Of­ten, par­tic­u­larly in the be­gin­ning, if I asked a stu­dent a ques­tion in English us­ing words that I was fairly con­fi­dent they knew, their re­sponse would still be “Ting budong” (“I don’t un­der­stand”), or a fran­tic glance to a class­mate while des­per­ately whis­per­ing, “Ta shu­osha?” (“What did he say?”) It took time for me to find ef­fec­tive ways to help stu­dents re­al­ize that they could com­mu­ni­cate in English bet­ter than they might have thought. I spent a lot of my evenings and weekends com­ing up with new games and group ac­tiv­i­ties, plan­ning lessons that in­cor­po­rated movies and mu­sic, test­ing things out and mak­ing ad­just­ments as time passed.

An­other dif­fi­culty I dis­cov­ered is that high schools in China can be re­ally tough on stu­dents. Most seem to agree on that.

A typ­i­cal day’s classes might start at 8 a.m. and con­tinue un­til din­ner at 6 p.m., with a break for lunch at noon. Even af­ter din­ner, stu­dents re­turn to their class­rooms to work on home­work for sev­eral hours, of­ten un­der the su­per­vi­sion of a teacher. By the time stu­dents reach their se­nior year, it’s not un­com­mon to stay up well past mid­night to work on home­work and study to pre­pare for the dreaded gaokao— China’s make-or-break col­lege en­trance exam, where a few points one way or an­other can be the de­cid­ing fac­tor in which uni­ver­si­ties will ac­cept you.

The pres­sure can be in­cred­i­bly in­tense. Dis­ci­pline from par­ents and teach­ers is of­ten harsh, even if it’s meted out with the best of in­ten­tions. Signs in school hall­ways stress that the only path to suc­cess is to get up ear­lier and work harder. The weight and stress of it all can be enough to break some­one.

De­spite it all, I was con­tin­u­ally amazed at the per­se­ver­ance and heart in so many of my stu­dents. When fac­ing so much pres­sure, it’s easy to be­come frus­trated, an­gry or de­pressed, and some do. It’s not easy to dig in your heels and keep push­ing your­self to work harder day af­ter day. High­school ex­pe­ri­ence in China may be a bat­tle, but I was im­pressed by how many stu­dents kept fight­ing. Not just fight­ing to do well in their stud­ies, but to main­tain a pos­i­tive, hope­ful out­look on life. Meet­ing so many tal­ented stu­dents full of cu­rios­ity, warmth, pas­sion and courage was in­spir­ing. It was their heart as much as any­thing that made me de­cide to con­tinue my con­tract for a sec­ond year.
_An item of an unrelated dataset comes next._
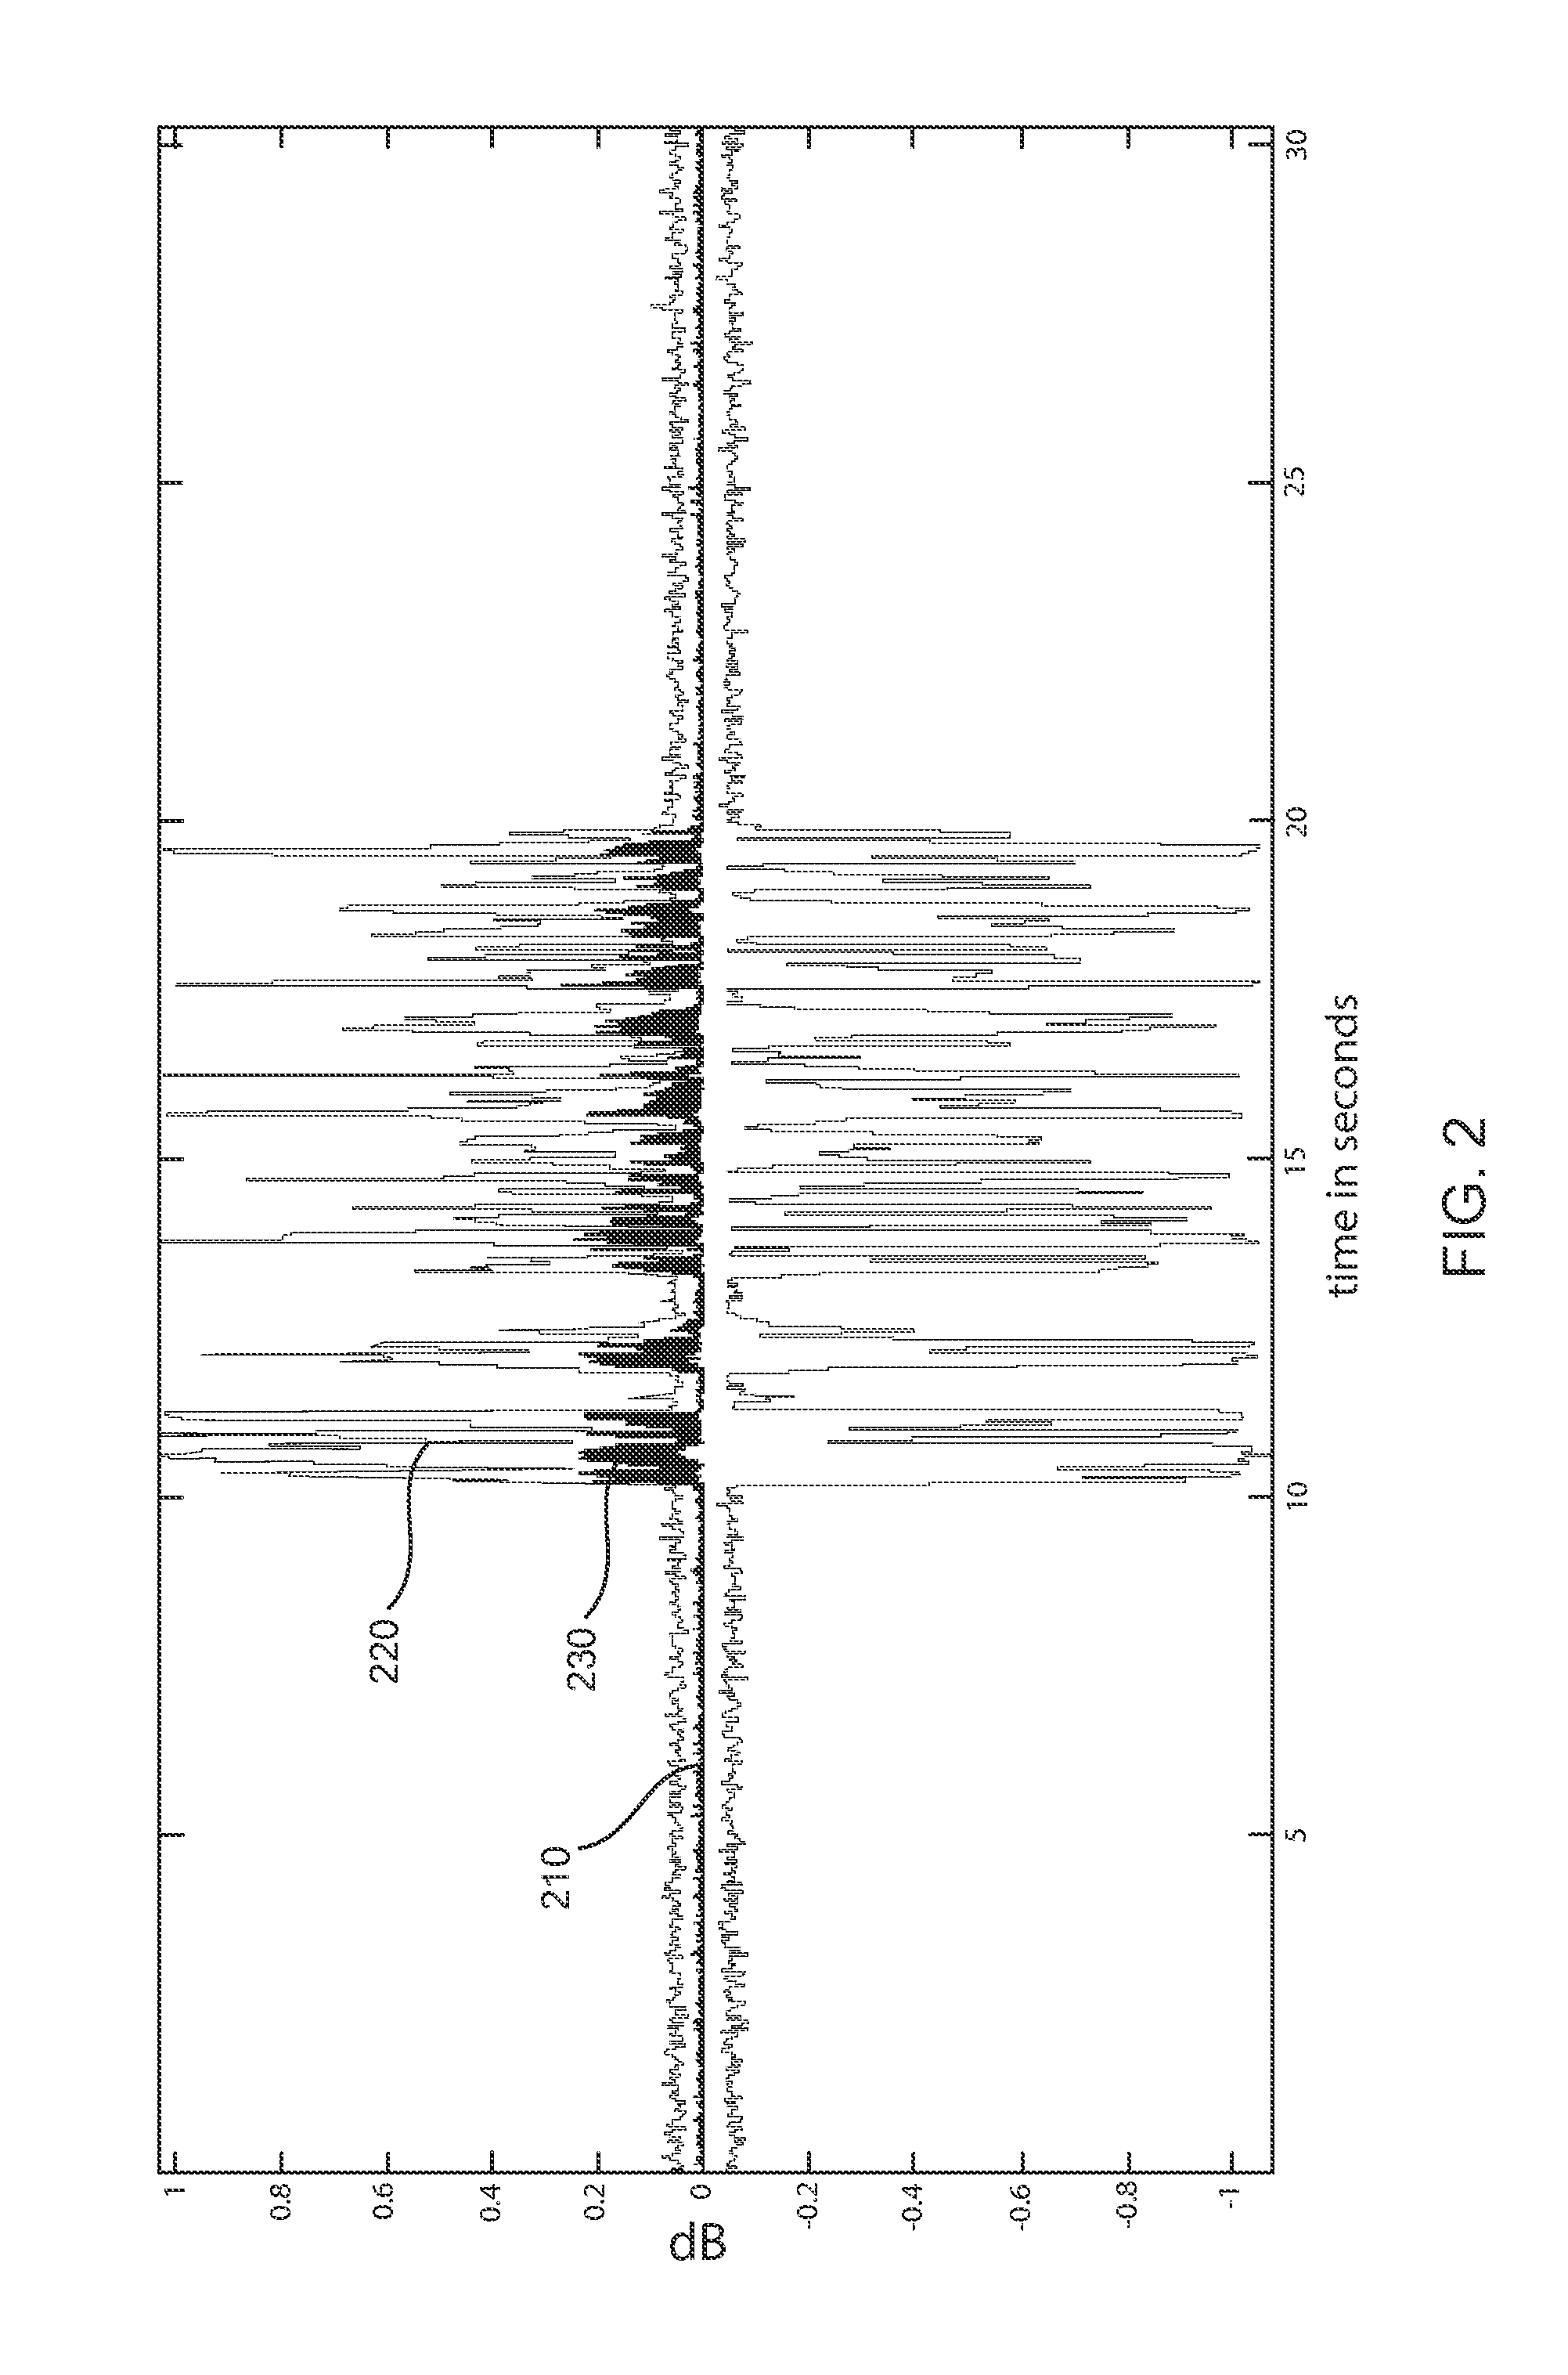 Ambient noise root mean square (RMS) detector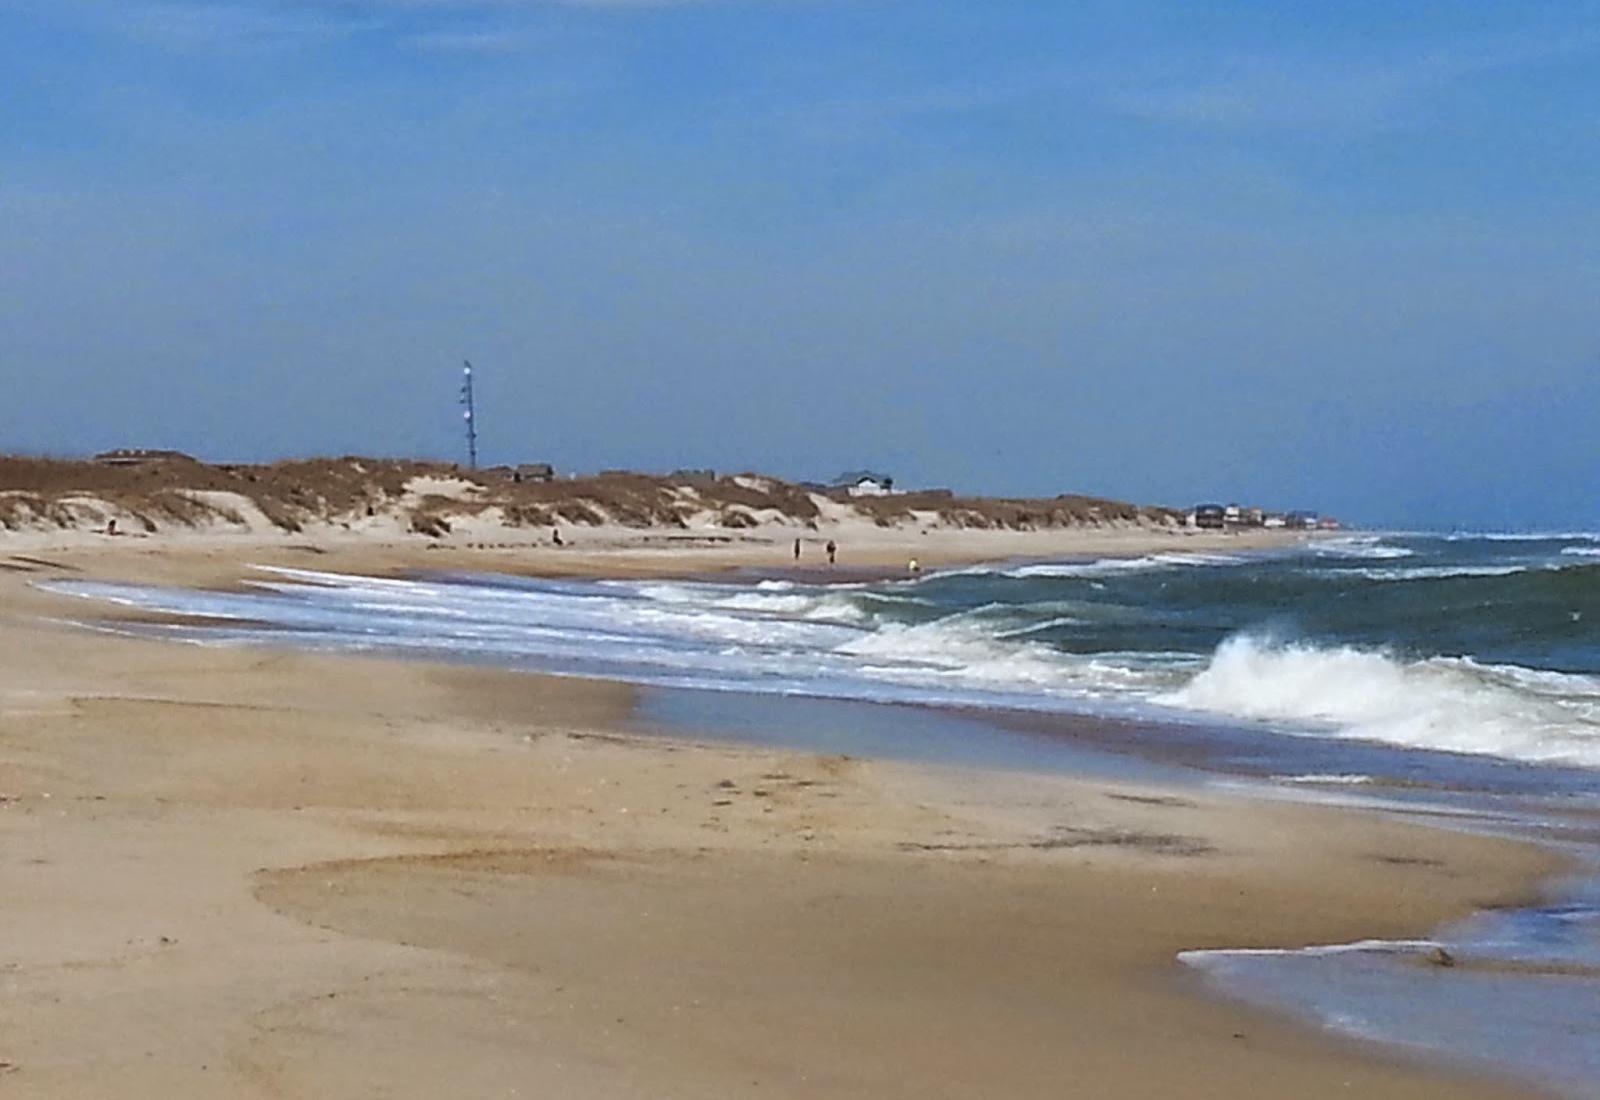 Sandee - South Turns Just North Of Rodanthe

I loved my stu­dents and bragged about them ev­ery chance I got. I was priv­i­leged to be able to teach and get to know them, and I have no doubt they are go­ing to make the world a bet­ter place. The au­thor is a se­nior train­ing spe­cial­ist at Ob­jec­tiva Soft­ware So­lu­tions.

June 12, 2016: A class­room full of stu­dents who keep their spirits high as they pre­pare for their gru­el­ing fi­nal year of high school.

June 17, 2016: Self-por­trait of the au­thor with his high-school stu­dents dur­ing the last week of classes.